Он протянул руку и взял этот предмет. К своему удивлению, предмет оказался хорошо знакомой ему книгой, которую Василий никак не ожидал увидеть здесь. Это были повести Гоголя.

– Ну и ну! Хома, это что еще за боеприпас такой!

Малышев сунул книгу в яркий проем люка над головой.

– А что? Я всегда вожу ее с собой. Места не занимает, а для души лучшего средства не найти.

– Ты знаешь, у меня дома осталась такая книга. Я жуть, как любил читать эти повести. Особенно «Тараса Бульбу». До чего ж сильная вещь, прямо дух захватывает! Откуда у тебя эта книга? Редкая штука!

– А мне батько с ярмарки книжку привез, из Зенькова! Привез и говорит: «Читай, сынку, про наших казаков, как жили и умирали!». Я сперва не разобрался в этих рассказах, а как дошел до «Тараса Бульбы», так и обмер. Веришь, плакал, как дитё, в конце, когда жгли атамана. Какие люди были! Как погибали! Разве сейчас есть такие могучие люди?!

– Ну, ты не говори! Мы тоже не слабо воюем!

– Хм, – усмехнулся Карпенко. – Да разве сейчас так воюют! Бьют людей, как мух, даже не видя друг друга. А раньше с саблей выйдешь на вражину, и станет сразу видно, кто есть воин, а кто так – песий хвост!

– Ниче, ты со своим зверем не слабше, идти в открытую на фрицевские позиции под ураганом снарядов!

– Не скажи, Васылю, – покачал головой Хома. – Это дело случая – останешься жить в такой атаке, или сгоришь, как факел… Тут не выбираешь смерть, она сама тебя ищет.

– Да брось, Хома! – с горячим убеждением возразил Василий. – Мы сами идем ей навстречу, через «не могу»!..

Голос Меленчука прервал их.

– Товарищ командир, все готово, будьте ласка с товарищем старшим лейтенантом пройти в схрон.

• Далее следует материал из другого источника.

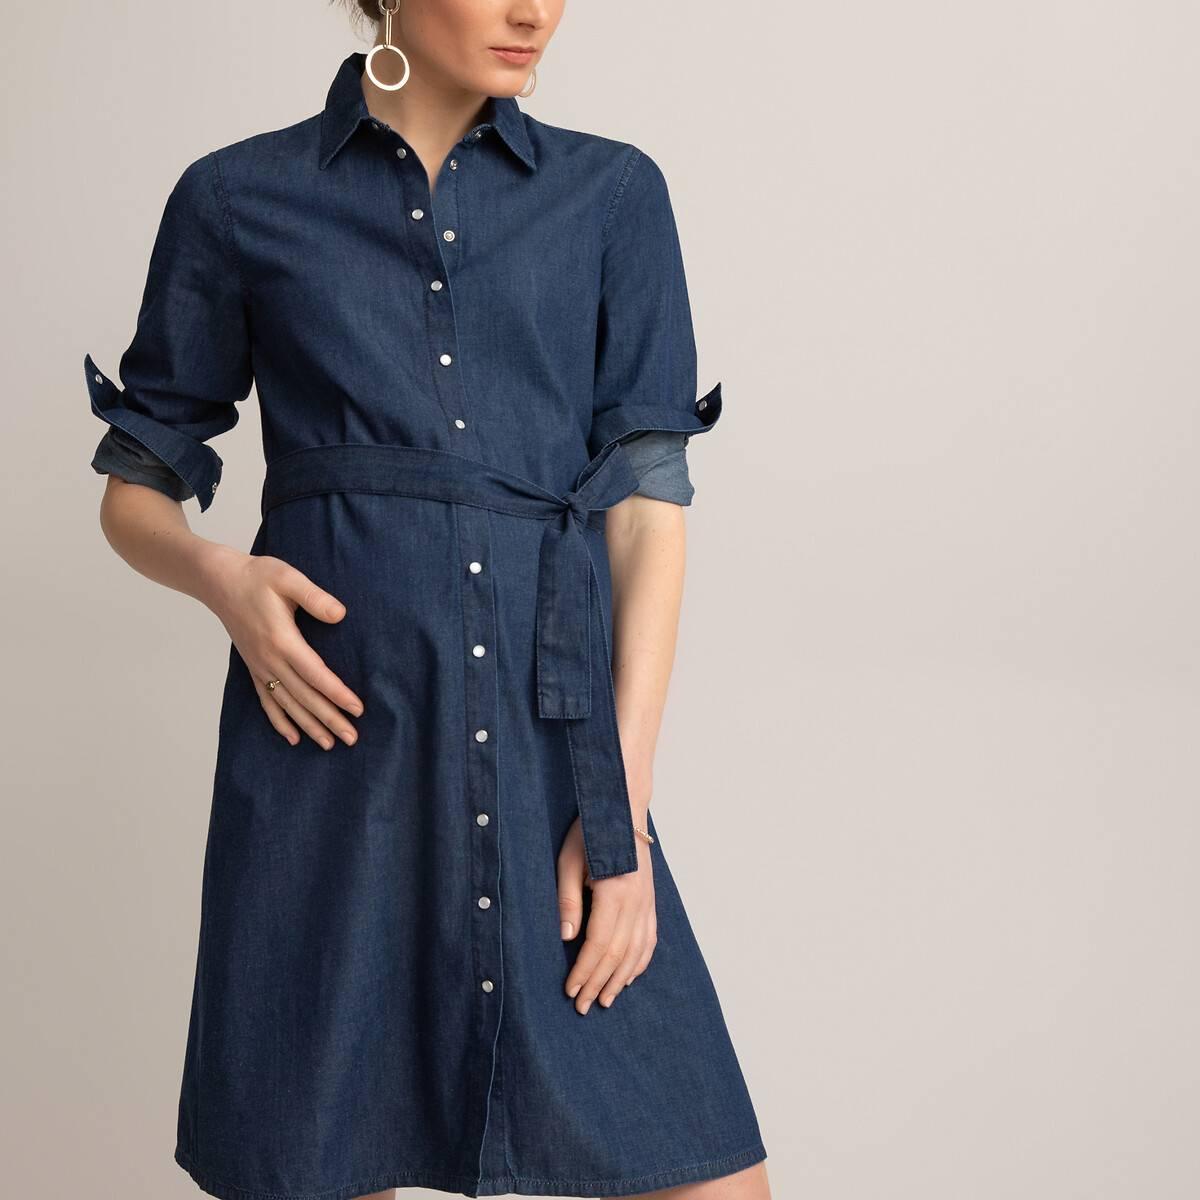 Este vestido camisero vaquero es atemporal. Fácil y moderno, es ideal para antes, durante y después del embarazo
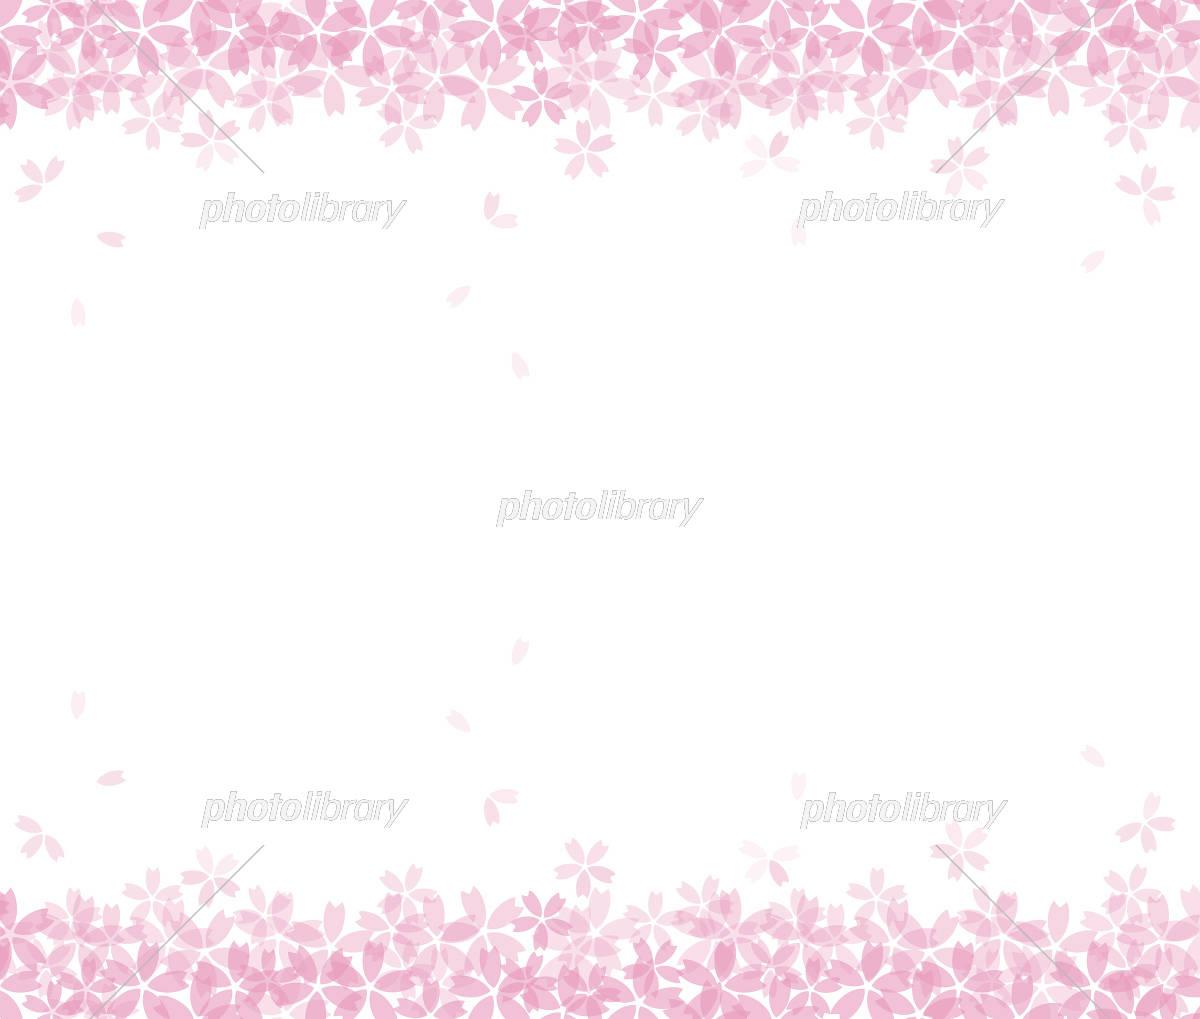 桜の和風背景イラスト 桜吹雪 イラスト素材 [ 5468865 ] - フォトライブ

Карпенко подмигнул Малышеву:

– Пошли, Васылю, чего время терять. Сверим наши карты и твой самогон. Я почему-то думаю, что мой покруче будет!

– Круче зелья нашего Волокушина не бывает. Он его достает у самого зеленого змия!

– Ох, ты! Я испугался, задрожал! Поджал хвост и убежал!.. – хохотнул Хома.

Через час, до лежавшего чуть поодаль экипажа Карпенко донеслись энергичные возгласы их командира и его гостя:

– Не понял, надо бы еще сверить… Не, лишней каплей это не пробить… Забоялся, точно… мое снадобье со второго выстрела наповал валит… а я по холостому и не пробую, давай полный заряд!..

– Можа и нам чего предложат, – со вздохом предположил Сашка. – Не чужие, чай!

– Умолкни! – лениво, не открывая глаз, процедил Колодяжный. – Нашему лейтенанту сейчас не до нас. Как бы перед пехотой не опозориться! Как малец, – разошелся, а хватки на это дело нету!

– Точно! Ихний лейтенант, по роже видать, тот еще хват…

– Хм, какая разница, самогон скоро их обоих уравняет, – ухмыльнулся Колодяжный.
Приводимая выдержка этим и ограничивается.